TASK INSTRUCTIONS
What lines of the data include the string "wedding"? Copy them all.

[Dataset records]
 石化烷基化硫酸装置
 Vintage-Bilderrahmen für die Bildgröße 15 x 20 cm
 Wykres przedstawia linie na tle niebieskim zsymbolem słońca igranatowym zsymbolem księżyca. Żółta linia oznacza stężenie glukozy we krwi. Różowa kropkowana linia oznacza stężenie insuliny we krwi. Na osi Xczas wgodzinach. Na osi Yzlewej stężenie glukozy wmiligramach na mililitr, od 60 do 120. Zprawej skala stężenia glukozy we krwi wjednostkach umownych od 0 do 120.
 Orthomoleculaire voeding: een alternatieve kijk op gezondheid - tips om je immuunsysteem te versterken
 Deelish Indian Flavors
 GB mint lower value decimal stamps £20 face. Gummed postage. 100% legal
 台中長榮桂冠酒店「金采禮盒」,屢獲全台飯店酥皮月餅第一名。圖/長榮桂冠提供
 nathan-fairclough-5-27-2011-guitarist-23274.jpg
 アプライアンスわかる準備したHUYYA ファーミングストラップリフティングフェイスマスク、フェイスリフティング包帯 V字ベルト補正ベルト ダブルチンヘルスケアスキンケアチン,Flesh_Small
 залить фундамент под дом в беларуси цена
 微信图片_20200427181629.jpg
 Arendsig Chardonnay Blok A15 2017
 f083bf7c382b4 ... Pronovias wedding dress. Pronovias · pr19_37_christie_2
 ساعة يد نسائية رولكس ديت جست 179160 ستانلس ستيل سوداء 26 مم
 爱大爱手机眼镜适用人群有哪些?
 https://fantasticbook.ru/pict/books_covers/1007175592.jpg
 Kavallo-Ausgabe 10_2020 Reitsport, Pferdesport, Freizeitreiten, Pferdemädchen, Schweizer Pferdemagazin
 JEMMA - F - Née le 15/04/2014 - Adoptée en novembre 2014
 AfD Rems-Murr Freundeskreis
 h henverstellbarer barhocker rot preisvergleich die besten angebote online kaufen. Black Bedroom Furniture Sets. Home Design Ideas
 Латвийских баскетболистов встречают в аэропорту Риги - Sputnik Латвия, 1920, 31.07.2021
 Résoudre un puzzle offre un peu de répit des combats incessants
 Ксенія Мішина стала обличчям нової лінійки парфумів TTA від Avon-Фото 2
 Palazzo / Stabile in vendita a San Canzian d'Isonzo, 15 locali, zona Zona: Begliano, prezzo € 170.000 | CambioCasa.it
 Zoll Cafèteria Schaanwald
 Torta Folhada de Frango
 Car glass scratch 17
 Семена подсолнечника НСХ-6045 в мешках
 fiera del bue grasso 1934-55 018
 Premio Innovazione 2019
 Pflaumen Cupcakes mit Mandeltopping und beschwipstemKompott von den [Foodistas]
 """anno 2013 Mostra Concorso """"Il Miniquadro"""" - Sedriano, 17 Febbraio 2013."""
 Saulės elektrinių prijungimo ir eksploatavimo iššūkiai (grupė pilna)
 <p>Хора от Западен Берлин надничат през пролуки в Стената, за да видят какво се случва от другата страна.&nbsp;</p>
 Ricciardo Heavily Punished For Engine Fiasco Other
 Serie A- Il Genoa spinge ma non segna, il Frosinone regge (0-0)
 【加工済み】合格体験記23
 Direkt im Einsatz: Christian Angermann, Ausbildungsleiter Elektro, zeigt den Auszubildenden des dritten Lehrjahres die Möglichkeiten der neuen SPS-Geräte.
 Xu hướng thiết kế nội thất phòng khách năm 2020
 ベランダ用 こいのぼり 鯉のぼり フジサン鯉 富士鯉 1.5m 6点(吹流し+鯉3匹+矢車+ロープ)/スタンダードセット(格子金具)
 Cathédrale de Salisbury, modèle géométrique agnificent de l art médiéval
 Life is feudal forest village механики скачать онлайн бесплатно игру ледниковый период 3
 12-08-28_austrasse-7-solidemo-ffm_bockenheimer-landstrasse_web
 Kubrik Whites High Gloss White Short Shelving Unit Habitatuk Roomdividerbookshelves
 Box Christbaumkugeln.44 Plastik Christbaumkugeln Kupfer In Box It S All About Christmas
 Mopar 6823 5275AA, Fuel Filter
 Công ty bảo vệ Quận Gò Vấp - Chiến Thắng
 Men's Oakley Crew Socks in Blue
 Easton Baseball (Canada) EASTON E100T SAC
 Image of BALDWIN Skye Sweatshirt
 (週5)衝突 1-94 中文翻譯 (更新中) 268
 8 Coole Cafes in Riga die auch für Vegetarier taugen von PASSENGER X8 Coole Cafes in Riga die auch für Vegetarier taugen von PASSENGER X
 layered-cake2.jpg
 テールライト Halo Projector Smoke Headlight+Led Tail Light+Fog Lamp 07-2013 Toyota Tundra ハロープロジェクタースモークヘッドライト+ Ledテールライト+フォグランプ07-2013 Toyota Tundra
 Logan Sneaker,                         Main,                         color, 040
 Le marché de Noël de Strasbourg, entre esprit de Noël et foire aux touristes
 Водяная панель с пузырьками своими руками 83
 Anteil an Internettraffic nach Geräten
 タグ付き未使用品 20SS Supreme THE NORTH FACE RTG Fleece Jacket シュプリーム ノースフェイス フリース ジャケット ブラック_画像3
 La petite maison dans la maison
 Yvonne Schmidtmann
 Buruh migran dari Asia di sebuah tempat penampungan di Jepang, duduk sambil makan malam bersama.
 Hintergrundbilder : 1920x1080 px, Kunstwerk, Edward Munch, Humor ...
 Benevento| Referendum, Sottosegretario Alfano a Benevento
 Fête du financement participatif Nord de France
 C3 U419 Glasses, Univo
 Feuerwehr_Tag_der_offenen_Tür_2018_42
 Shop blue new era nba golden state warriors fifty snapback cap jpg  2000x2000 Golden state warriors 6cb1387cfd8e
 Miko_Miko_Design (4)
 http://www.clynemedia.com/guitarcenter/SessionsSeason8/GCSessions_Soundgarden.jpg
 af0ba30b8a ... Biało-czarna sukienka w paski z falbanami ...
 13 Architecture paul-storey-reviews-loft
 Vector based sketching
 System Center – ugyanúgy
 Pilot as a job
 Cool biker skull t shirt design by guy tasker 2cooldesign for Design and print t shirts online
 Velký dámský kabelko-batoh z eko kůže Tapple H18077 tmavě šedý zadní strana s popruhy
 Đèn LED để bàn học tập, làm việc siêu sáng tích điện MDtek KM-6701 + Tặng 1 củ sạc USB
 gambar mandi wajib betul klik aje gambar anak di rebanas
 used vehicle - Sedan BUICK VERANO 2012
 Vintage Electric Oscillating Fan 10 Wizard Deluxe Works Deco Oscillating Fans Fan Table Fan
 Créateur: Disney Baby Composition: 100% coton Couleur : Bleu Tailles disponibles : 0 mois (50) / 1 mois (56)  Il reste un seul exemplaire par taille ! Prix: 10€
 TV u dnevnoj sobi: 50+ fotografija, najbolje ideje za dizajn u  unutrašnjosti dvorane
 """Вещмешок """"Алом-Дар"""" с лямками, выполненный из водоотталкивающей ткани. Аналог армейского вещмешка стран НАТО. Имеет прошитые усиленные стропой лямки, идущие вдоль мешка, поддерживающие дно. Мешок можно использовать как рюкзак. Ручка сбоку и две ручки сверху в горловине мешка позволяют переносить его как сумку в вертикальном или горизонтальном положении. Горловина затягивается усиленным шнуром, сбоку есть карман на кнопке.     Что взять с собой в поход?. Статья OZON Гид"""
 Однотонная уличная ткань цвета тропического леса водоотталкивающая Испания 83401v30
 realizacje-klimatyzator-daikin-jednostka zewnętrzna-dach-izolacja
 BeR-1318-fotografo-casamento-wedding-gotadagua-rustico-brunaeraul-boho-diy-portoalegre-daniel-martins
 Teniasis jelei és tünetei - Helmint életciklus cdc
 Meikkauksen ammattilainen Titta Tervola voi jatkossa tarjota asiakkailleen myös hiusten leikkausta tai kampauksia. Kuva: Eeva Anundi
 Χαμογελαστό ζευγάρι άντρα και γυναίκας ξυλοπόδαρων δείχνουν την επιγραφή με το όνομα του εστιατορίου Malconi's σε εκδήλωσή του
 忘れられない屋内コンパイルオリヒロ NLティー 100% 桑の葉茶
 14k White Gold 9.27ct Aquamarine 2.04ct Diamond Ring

TASK RESULT
 f083bf7c382b4 ... Pronovias wedding dress. Pronovias · pr19_37_christie_2
 BeR-1318-fotografo-casamento-wedding-gotadagua-rustico-brunaeraul-boho-diy-portoalegre-daniel-martins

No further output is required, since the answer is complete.